Dataset excerpts below:

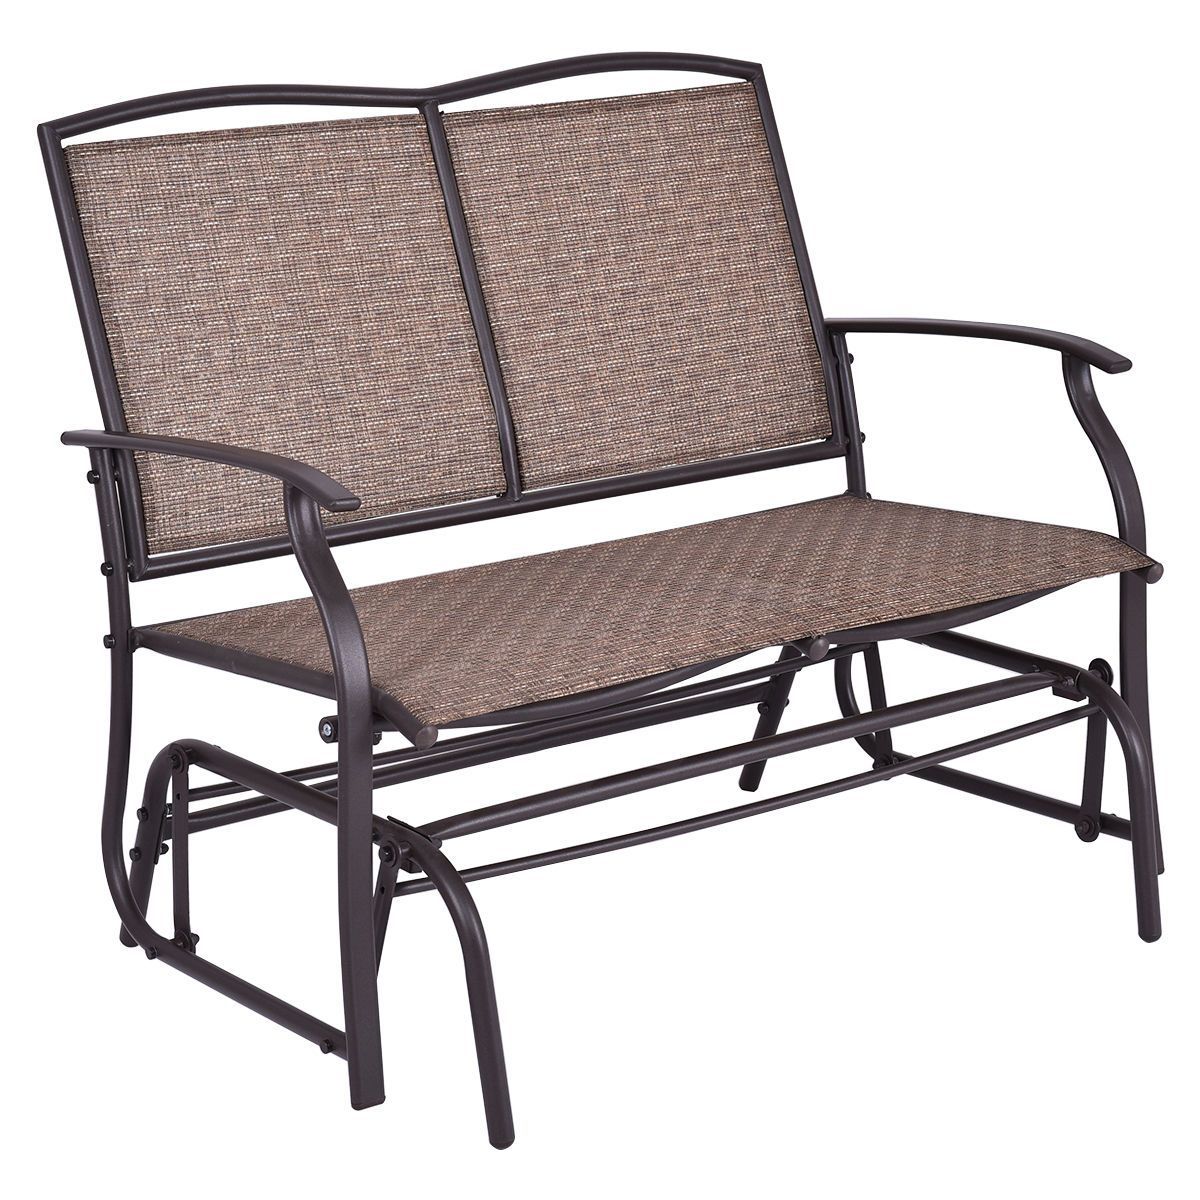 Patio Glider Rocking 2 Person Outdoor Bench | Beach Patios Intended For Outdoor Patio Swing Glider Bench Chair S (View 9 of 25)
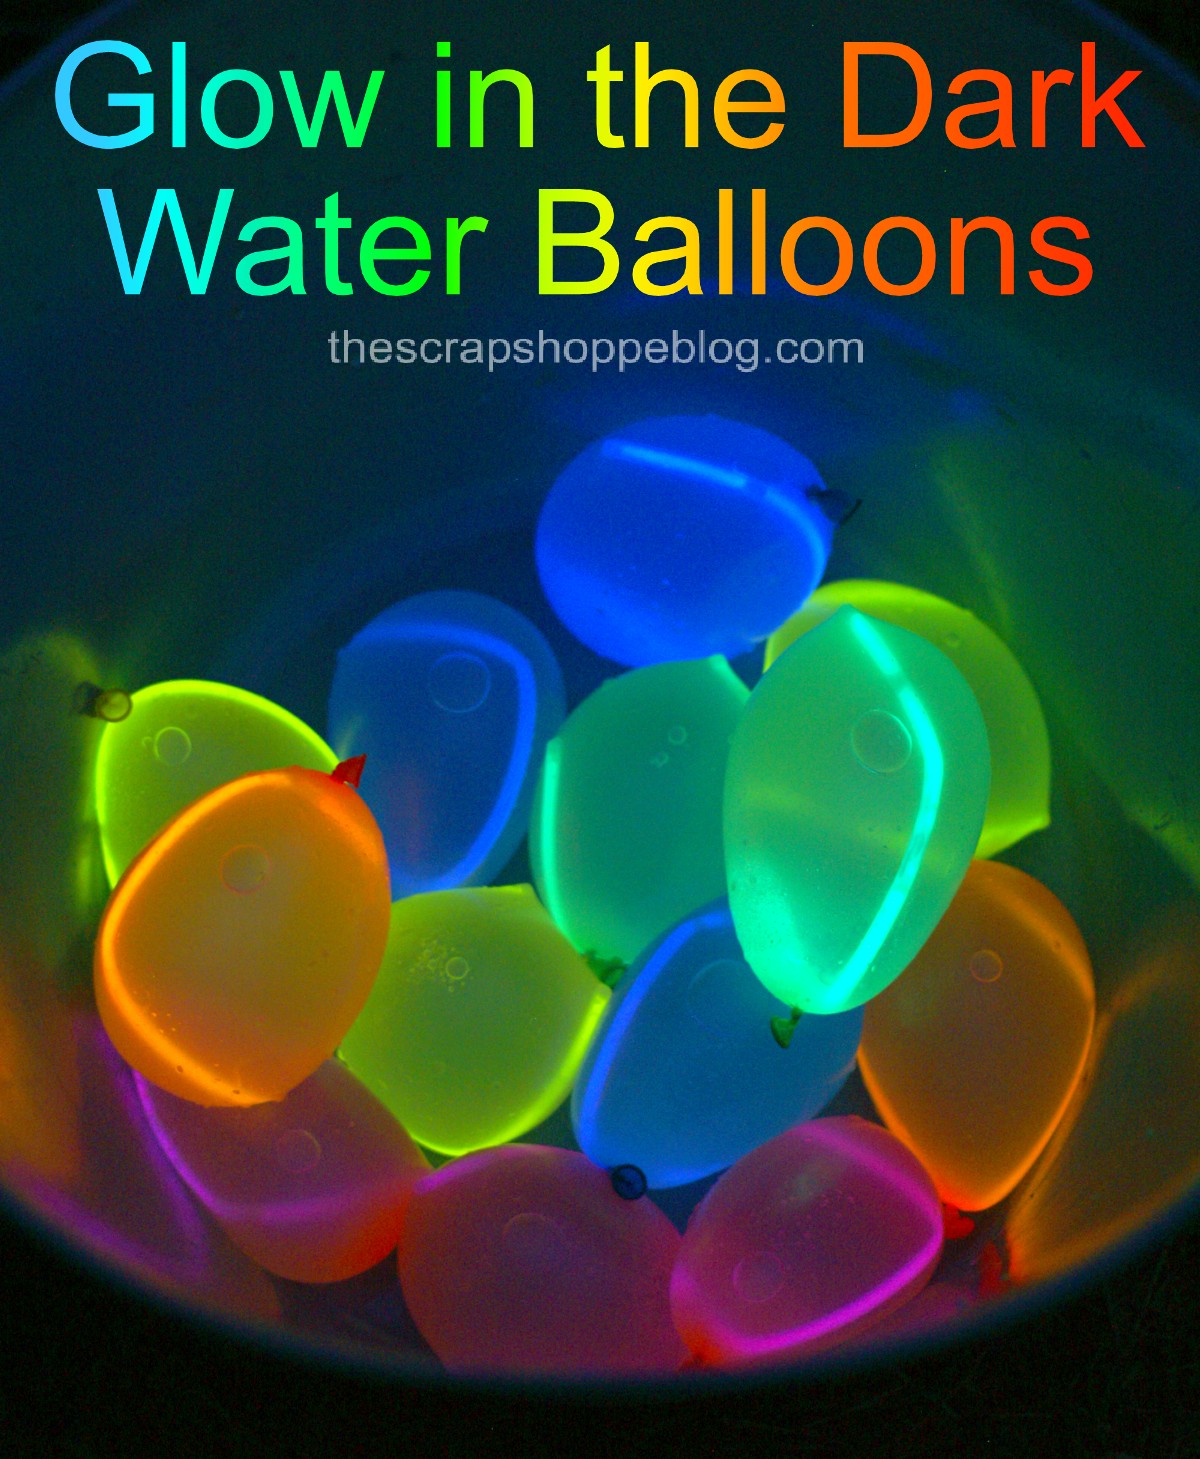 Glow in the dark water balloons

End of Dataset excerpts.
Dataset excerpts below:

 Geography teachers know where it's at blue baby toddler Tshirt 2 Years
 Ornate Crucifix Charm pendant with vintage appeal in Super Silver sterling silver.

End of Dataset excerpts.

Where a picture appears in the records above, omit it, and transcribe exactly the stretch of lines from the one with "Patio Glider Rocking" through the one with "Glow in the dark water balloons".

 Patio Glider Rocking 2 Person Outdoor Bench | Beach Patios Intended For Outdoor Patio Swing Glider Bench Chair S (View 9 of 25)
 Glow in the dark water balloons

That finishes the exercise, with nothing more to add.